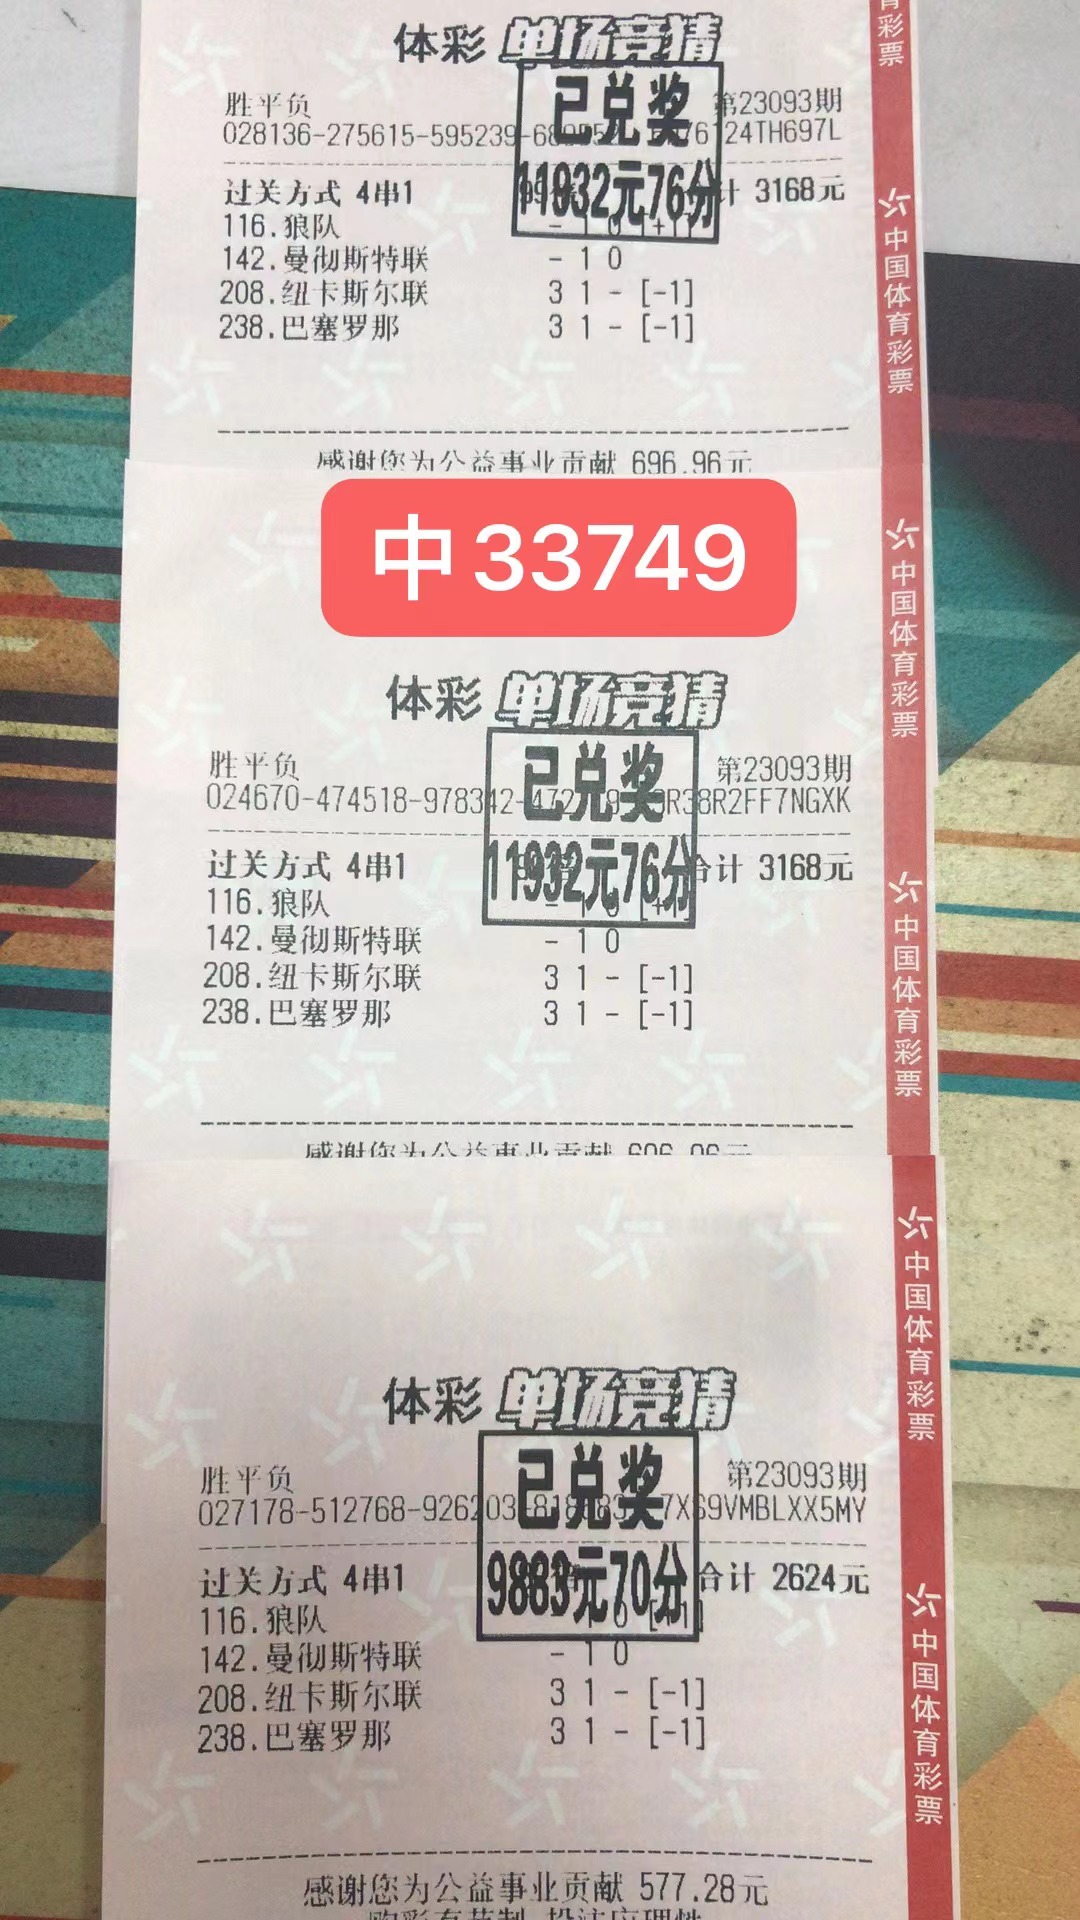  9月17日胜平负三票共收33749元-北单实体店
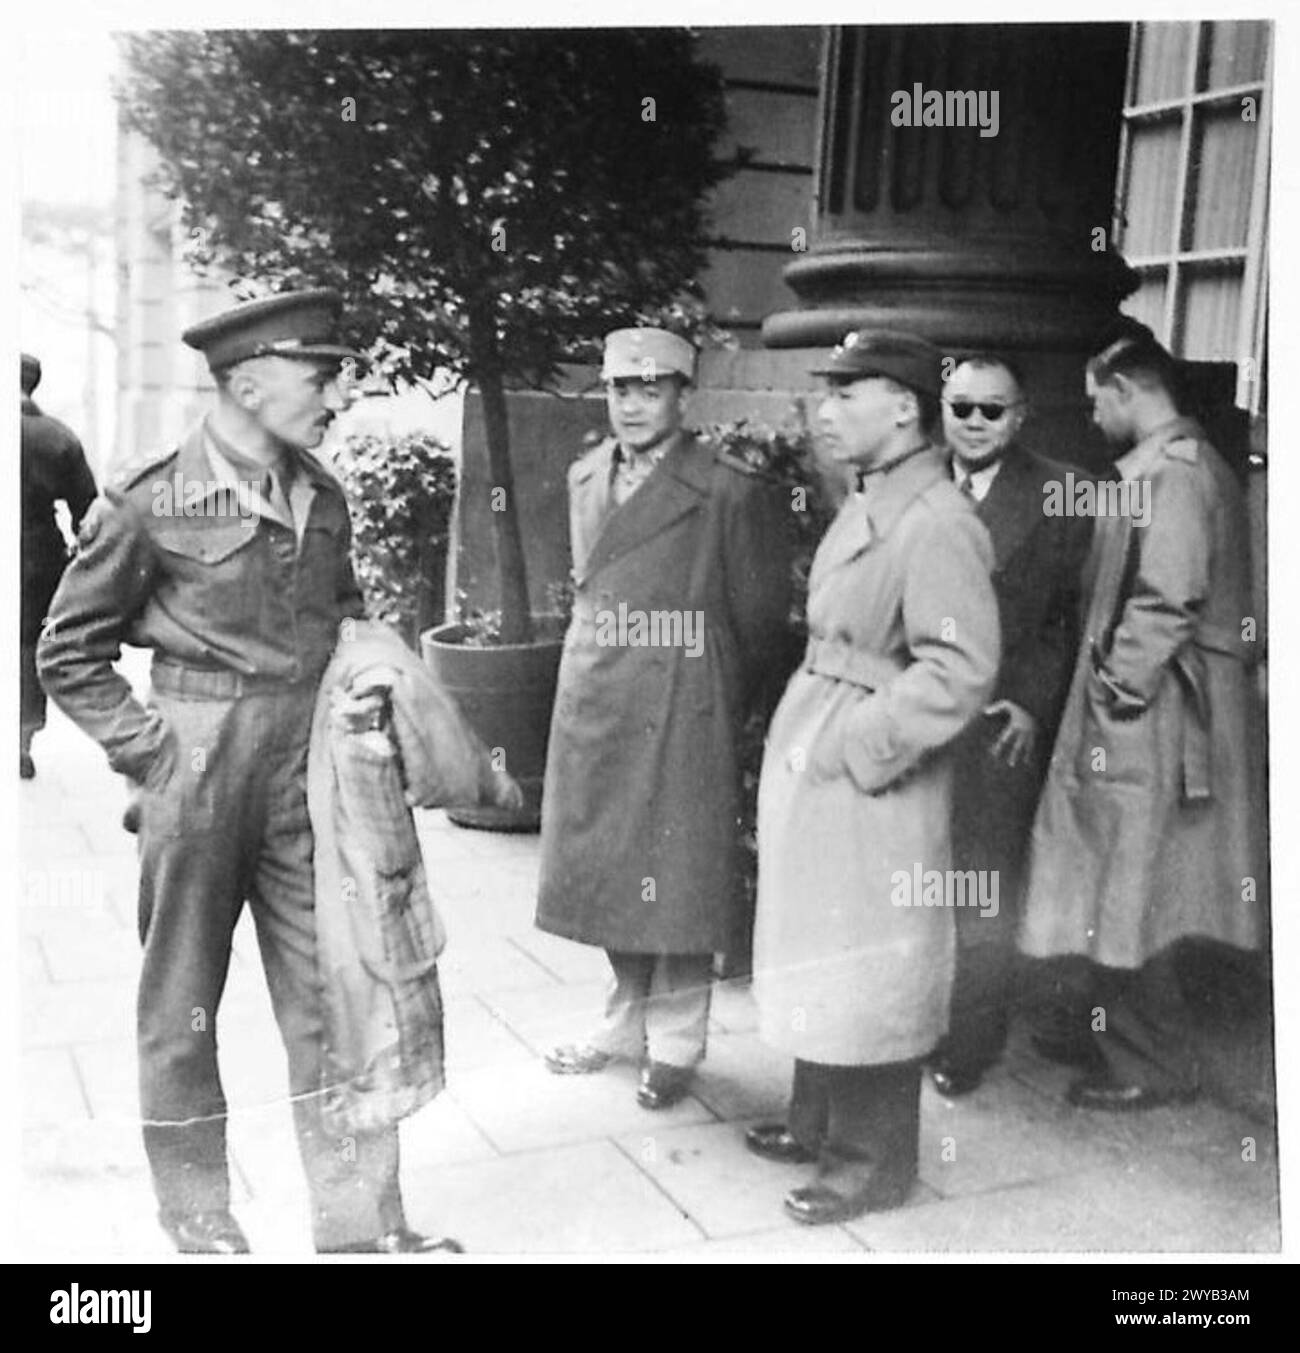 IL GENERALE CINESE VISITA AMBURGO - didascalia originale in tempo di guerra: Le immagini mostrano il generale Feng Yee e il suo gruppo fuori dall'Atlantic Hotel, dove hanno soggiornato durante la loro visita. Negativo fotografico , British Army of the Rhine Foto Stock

...

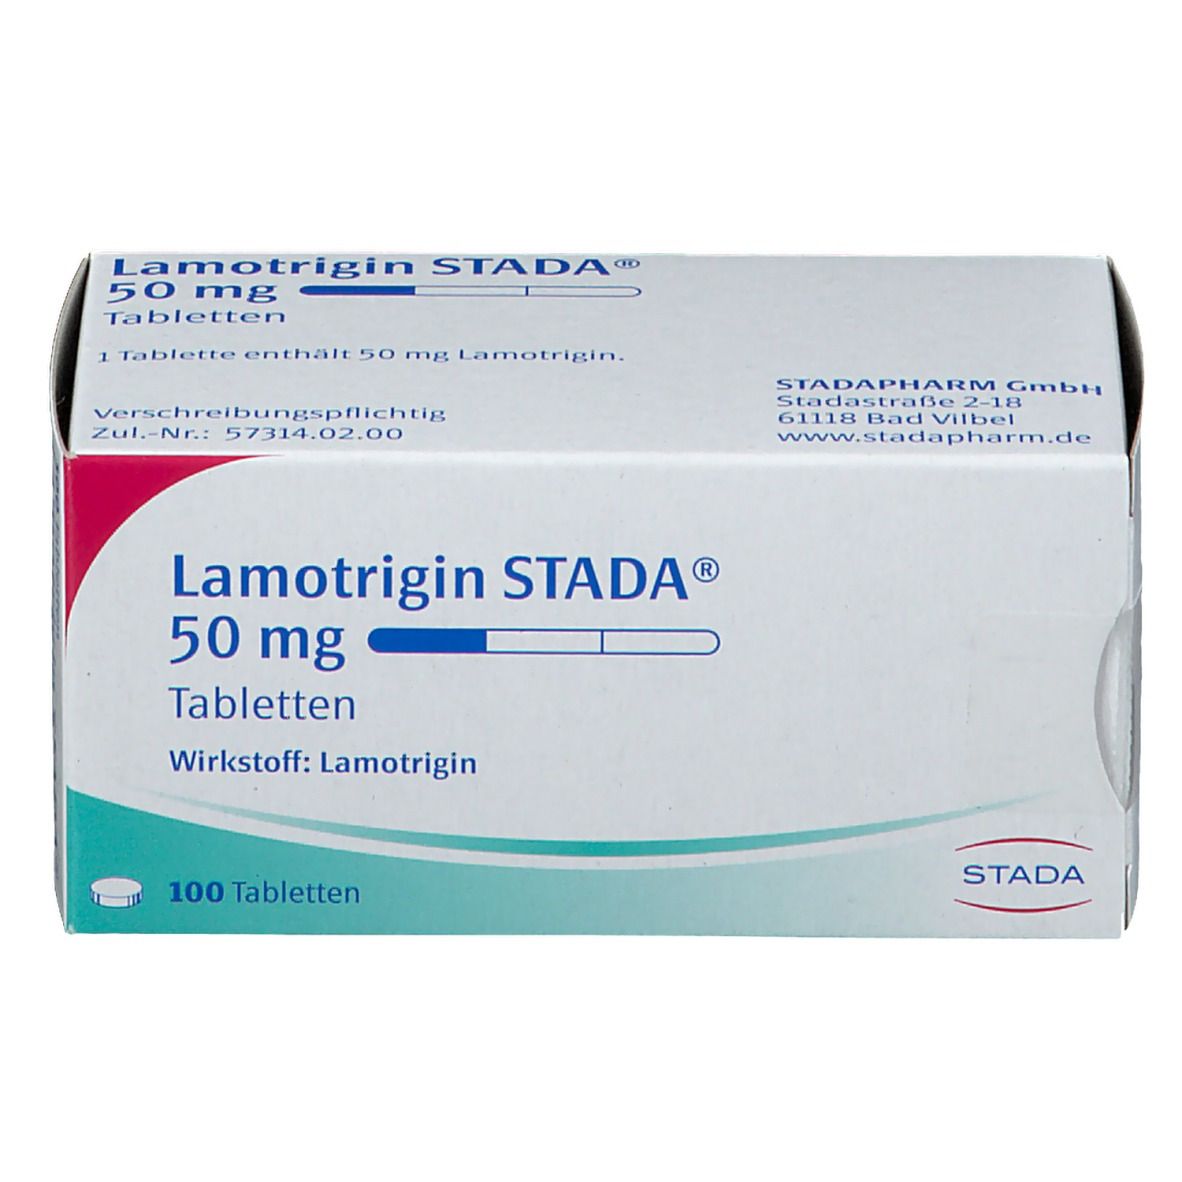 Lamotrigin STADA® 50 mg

[TASK BRIEF] Above are records; write out the lines from the one with "9月17日胜平负三票共收33749元-北单实体店" down to the one with "IL GENERALE CINESE", exactly, leaving the pictures out.

[ANSWER SPACE]
  9月17日胜平负三票共收33749元-北单实体店
 IL GENERALE CINESE VISITA AMBURGO - didascalia originale in tempo di guerra: Le immagini mostrano il generale Feng Yee e il suo gruppo fuori dall'Atlantic Hotel, dove hanno soggiornato durante la loro visita. Negativo fotografico , British Army of the Rhine Foto Stock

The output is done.